**What you should do**
Below are some entries. Repeat exactly the lines from the one with "How to Travel" through the one with "The Rolling Stones-The", and only those.

**Data for review**

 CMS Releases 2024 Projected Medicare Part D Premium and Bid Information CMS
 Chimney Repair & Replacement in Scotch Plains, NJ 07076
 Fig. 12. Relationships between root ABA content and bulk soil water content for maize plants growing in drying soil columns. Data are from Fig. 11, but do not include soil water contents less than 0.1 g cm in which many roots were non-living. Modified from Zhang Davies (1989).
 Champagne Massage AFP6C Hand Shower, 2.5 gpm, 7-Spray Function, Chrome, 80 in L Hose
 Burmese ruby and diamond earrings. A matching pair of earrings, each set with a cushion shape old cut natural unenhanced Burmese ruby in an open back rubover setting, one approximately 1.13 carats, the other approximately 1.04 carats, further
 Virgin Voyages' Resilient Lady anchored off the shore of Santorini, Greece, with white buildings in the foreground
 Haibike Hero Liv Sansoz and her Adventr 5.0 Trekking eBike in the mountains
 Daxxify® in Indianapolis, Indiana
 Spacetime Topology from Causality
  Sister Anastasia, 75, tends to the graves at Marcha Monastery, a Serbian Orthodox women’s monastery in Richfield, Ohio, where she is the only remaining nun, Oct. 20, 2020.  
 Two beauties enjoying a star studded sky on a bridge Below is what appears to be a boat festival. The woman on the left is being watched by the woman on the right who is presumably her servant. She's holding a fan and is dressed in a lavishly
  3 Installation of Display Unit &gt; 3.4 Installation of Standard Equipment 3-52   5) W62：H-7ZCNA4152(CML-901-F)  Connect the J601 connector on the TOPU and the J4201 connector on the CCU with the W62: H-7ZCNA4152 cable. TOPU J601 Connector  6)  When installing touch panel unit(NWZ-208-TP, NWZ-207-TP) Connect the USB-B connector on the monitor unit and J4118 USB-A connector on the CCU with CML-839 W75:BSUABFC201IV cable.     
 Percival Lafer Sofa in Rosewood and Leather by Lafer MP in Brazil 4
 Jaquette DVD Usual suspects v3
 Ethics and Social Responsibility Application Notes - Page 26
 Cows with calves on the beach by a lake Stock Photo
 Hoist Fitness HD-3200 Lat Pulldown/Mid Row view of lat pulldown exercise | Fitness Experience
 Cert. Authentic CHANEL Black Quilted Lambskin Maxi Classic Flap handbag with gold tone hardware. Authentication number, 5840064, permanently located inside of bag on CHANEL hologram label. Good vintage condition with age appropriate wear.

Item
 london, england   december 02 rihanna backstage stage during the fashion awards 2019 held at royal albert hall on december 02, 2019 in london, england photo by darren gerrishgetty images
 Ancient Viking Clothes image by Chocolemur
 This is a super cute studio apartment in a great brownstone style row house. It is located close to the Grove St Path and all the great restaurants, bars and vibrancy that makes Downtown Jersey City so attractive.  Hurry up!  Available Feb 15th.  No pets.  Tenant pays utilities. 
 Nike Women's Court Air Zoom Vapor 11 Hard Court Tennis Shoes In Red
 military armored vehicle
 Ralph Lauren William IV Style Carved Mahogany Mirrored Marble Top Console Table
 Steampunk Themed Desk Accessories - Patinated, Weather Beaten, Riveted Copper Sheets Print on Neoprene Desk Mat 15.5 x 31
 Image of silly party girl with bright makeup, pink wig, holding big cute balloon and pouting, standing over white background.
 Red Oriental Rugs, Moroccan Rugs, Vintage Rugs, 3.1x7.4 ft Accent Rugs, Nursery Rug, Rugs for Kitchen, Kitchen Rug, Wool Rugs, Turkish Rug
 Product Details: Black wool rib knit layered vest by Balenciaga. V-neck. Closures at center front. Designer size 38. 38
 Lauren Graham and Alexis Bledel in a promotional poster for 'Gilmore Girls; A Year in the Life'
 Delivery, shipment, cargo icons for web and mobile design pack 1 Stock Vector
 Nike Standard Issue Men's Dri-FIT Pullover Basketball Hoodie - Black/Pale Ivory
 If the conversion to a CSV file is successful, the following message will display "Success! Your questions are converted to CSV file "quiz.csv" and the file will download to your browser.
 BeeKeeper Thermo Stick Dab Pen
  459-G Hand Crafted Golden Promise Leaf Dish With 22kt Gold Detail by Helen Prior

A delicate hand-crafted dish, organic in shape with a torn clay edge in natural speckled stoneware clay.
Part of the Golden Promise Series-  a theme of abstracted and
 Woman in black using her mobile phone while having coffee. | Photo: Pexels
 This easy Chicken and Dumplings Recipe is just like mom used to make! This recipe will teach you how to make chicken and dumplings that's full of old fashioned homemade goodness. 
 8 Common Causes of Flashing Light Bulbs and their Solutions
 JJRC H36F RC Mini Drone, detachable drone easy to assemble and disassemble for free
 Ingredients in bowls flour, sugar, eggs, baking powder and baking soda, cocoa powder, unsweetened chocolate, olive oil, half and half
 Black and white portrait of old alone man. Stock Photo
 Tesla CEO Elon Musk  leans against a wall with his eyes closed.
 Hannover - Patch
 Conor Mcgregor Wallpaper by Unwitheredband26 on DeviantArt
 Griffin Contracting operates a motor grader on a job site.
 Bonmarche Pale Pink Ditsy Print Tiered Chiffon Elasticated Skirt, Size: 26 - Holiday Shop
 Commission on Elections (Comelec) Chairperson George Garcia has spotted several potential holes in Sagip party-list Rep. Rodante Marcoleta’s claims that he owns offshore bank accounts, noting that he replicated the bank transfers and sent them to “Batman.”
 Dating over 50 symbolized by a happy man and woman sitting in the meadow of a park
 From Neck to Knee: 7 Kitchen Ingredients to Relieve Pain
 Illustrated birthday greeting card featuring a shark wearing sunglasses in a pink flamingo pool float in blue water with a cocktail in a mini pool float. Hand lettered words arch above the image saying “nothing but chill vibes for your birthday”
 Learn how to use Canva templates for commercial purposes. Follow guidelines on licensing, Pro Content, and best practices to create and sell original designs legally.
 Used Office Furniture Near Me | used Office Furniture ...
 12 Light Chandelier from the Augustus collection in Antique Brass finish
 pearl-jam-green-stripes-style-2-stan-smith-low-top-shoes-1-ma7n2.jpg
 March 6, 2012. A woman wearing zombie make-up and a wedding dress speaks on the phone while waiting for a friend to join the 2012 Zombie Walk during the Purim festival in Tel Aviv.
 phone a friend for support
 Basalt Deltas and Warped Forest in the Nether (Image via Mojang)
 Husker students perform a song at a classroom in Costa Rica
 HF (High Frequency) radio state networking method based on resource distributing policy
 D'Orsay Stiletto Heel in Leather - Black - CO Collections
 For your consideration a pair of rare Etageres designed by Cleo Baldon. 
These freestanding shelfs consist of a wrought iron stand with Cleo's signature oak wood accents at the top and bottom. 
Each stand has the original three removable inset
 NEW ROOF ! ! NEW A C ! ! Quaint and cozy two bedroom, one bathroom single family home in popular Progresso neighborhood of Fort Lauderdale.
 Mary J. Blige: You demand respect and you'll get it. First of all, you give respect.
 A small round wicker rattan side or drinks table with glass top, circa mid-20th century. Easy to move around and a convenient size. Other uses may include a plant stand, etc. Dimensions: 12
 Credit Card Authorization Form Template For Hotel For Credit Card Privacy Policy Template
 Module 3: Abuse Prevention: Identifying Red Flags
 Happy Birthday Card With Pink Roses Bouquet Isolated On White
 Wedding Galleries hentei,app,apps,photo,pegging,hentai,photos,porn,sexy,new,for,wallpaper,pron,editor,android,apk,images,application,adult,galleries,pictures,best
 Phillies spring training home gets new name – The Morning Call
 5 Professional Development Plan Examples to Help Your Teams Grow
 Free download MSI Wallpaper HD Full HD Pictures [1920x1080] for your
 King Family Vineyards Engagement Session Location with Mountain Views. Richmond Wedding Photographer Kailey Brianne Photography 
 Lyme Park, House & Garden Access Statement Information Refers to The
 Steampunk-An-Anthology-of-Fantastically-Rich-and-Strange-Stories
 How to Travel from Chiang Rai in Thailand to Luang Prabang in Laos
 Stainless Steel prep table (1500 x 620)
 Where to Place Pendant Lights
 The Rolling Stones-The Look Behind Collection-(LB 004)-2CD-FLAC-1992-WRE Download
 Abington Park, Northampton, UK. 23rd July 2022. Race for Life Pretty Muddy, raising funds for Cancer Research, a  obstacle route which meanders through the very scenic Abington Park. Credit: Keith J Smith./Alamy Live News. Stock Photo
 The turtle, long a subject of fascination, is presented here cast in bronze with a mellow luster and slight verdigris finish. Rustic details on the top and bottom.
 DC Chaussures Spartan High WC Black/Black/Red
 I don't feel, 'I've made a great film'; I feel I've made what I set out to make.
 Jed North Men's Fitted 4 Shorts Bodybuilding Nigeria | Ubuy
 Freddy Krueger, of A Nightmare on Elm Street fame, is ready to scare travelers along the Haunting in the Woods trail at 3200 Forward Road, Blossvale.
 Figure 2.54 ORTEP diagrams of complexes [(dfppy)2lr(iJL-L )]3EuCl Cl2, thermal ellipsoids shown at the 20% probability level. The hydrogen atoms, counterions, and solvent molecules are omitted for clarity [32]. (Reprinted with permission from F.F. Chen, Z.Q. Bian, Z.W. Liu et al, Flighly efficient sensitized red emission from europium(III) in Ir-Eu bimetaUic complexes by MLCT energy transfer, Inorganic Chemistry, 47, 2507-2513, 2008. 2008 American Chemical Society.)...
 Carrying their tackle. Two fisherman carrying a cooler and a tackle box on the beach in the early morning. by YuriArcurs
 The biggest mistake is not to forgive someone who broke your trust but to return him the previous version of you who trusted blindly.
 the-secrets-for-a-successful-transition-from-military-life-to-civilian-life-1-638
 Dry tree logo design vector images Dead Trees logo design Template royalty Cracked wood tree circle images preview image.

**Written solution**
 How to Travel from Chiang Rai in Thailand to Luang Prabang in Laos
 Stainless Steel prep table (1500 x 620)
 Where to Place Pendant Lights
 The Rolling Stones-The Look Behind Collection-(LB 004)-2CD-FLAC-1992-WRE Download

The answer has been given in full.